◆ **Exercise prompt**: Give back the full listing as written. No pictures go with it.

◆ **Given material**:
◆ ◆ ◆ ◆ ◆ ◆ ◆

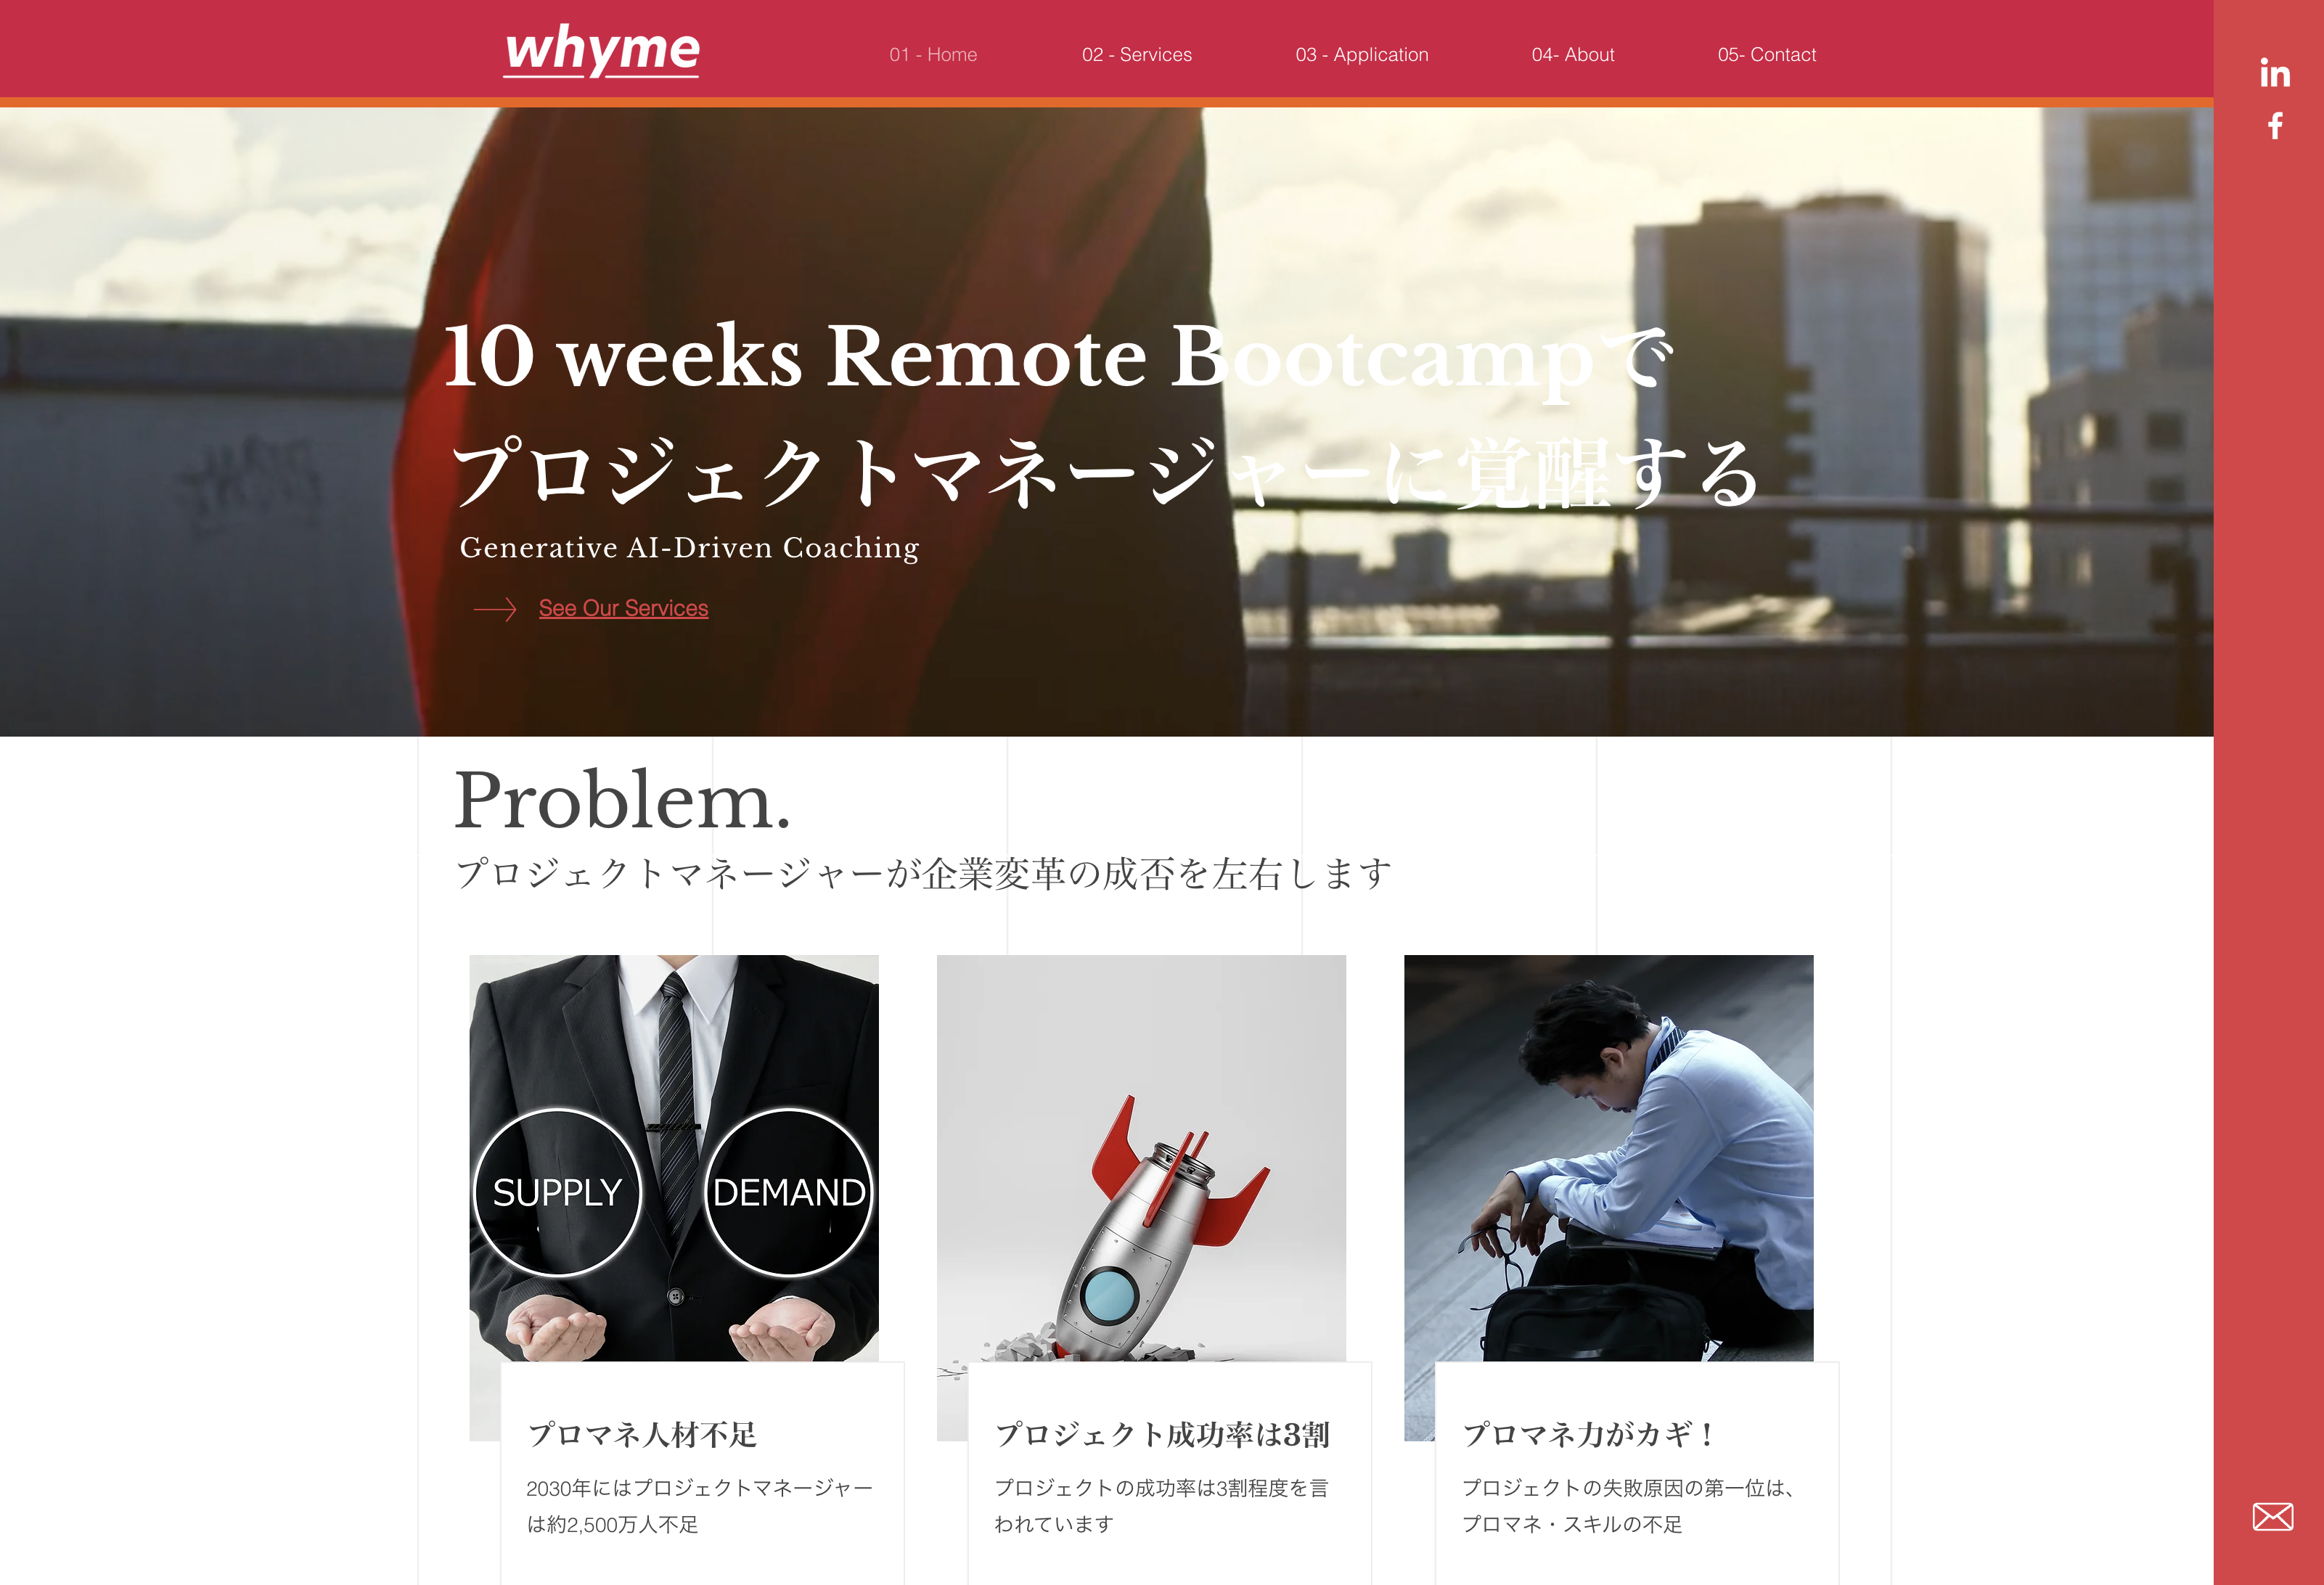 whyme株式会社のwhyme株式会社:社員研修サービス
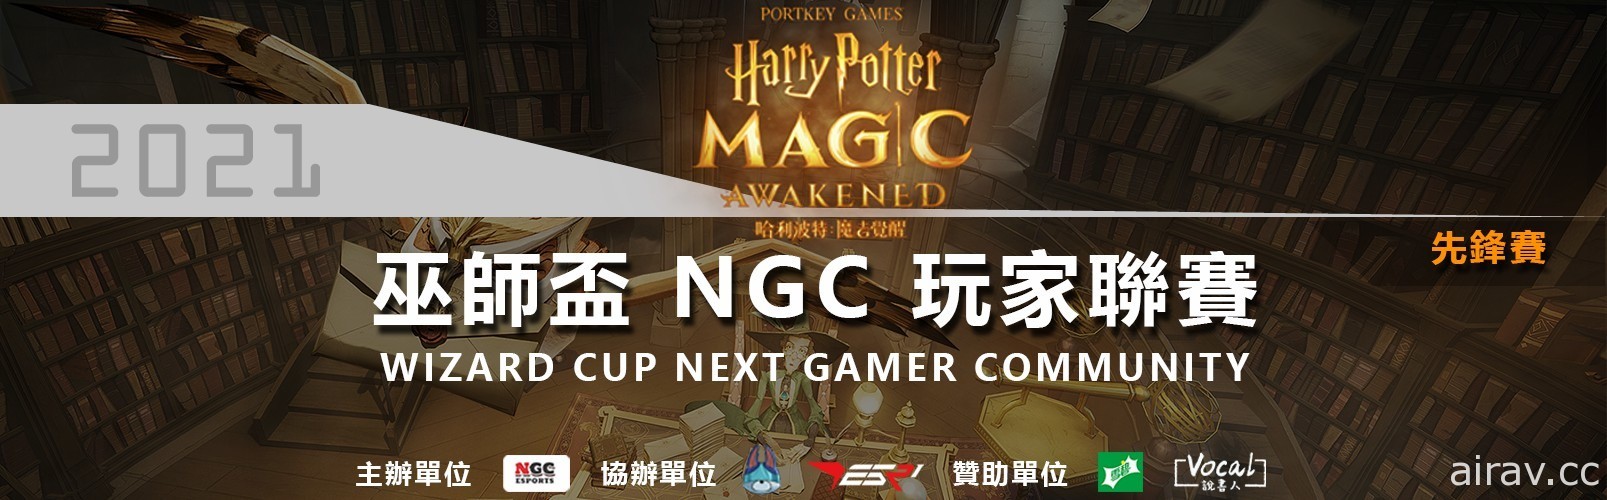 《哈利波特魔法觉醒》巫师杯 NGC 玩家联赛总决赛完美落幕
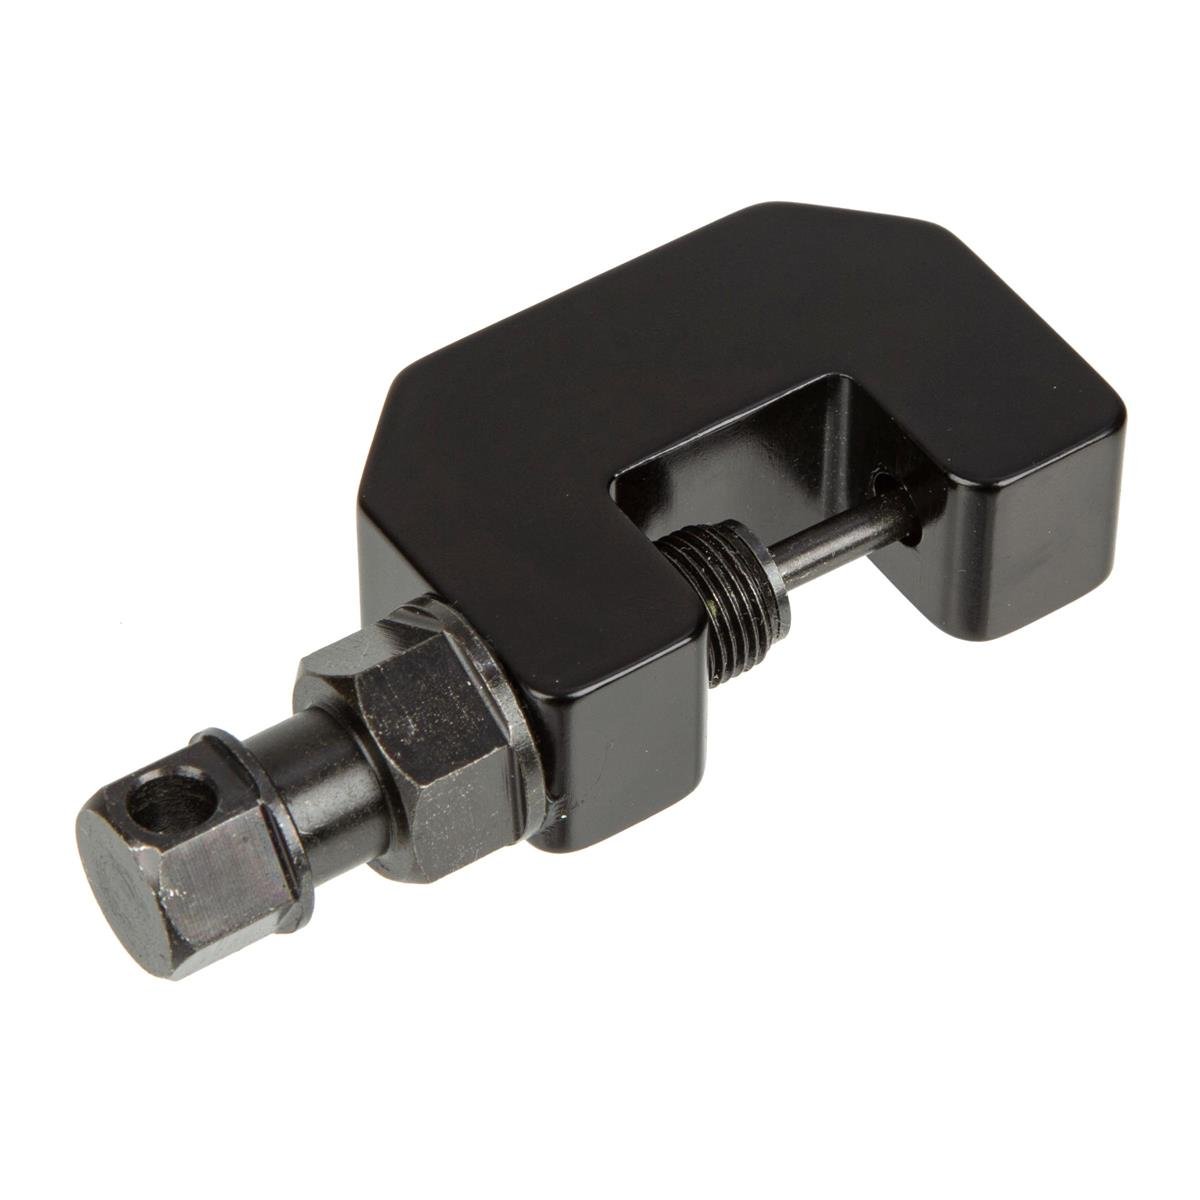 DRC Chain Cutter Mini Black
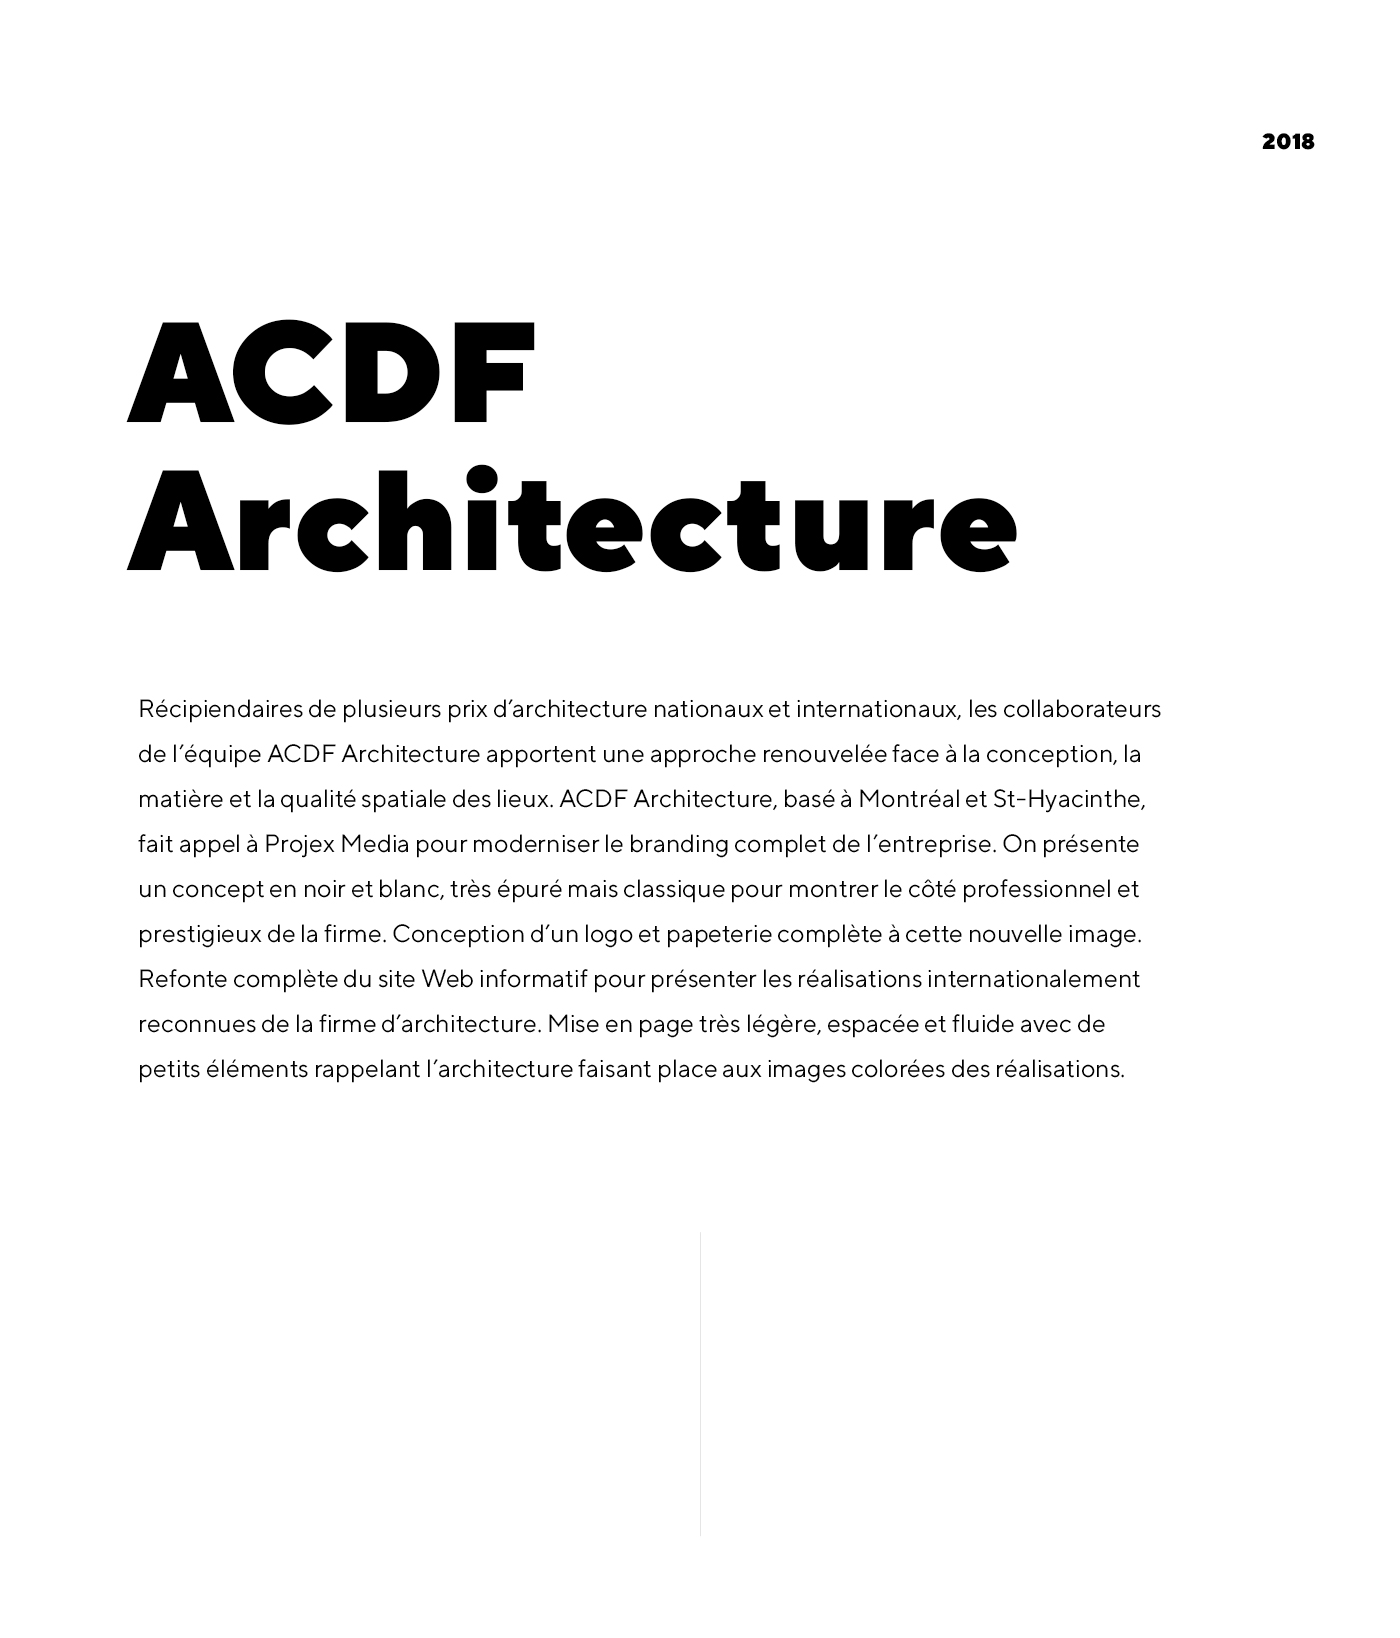 Conception de carte d'affaire, logo, papeterie et site web bilingue pour ACDF Architecture - firme d'architectes basé à Montréal et St-Hyacinthe / 2018 - Réalisation signée Projex Media

◆ ◆ ◆ ◆ ◆ ◆ ◆

◆ **Finished task**:
 whyme株式会社のwhyme株式会社:社員研修サービス
 《哈利波特魔法觉醒》巫师杯 NGC 玩家联赛总决赛完美落幕
 DRC Chain Cutter Mini Black
 Conception de carte d'affaire, logo, papeterie et site web bilingue pour ACDF Architecture - firme d'architectes basé à Montréal et St-Hyacinthe / 2018 - Réalisation signée Projex Media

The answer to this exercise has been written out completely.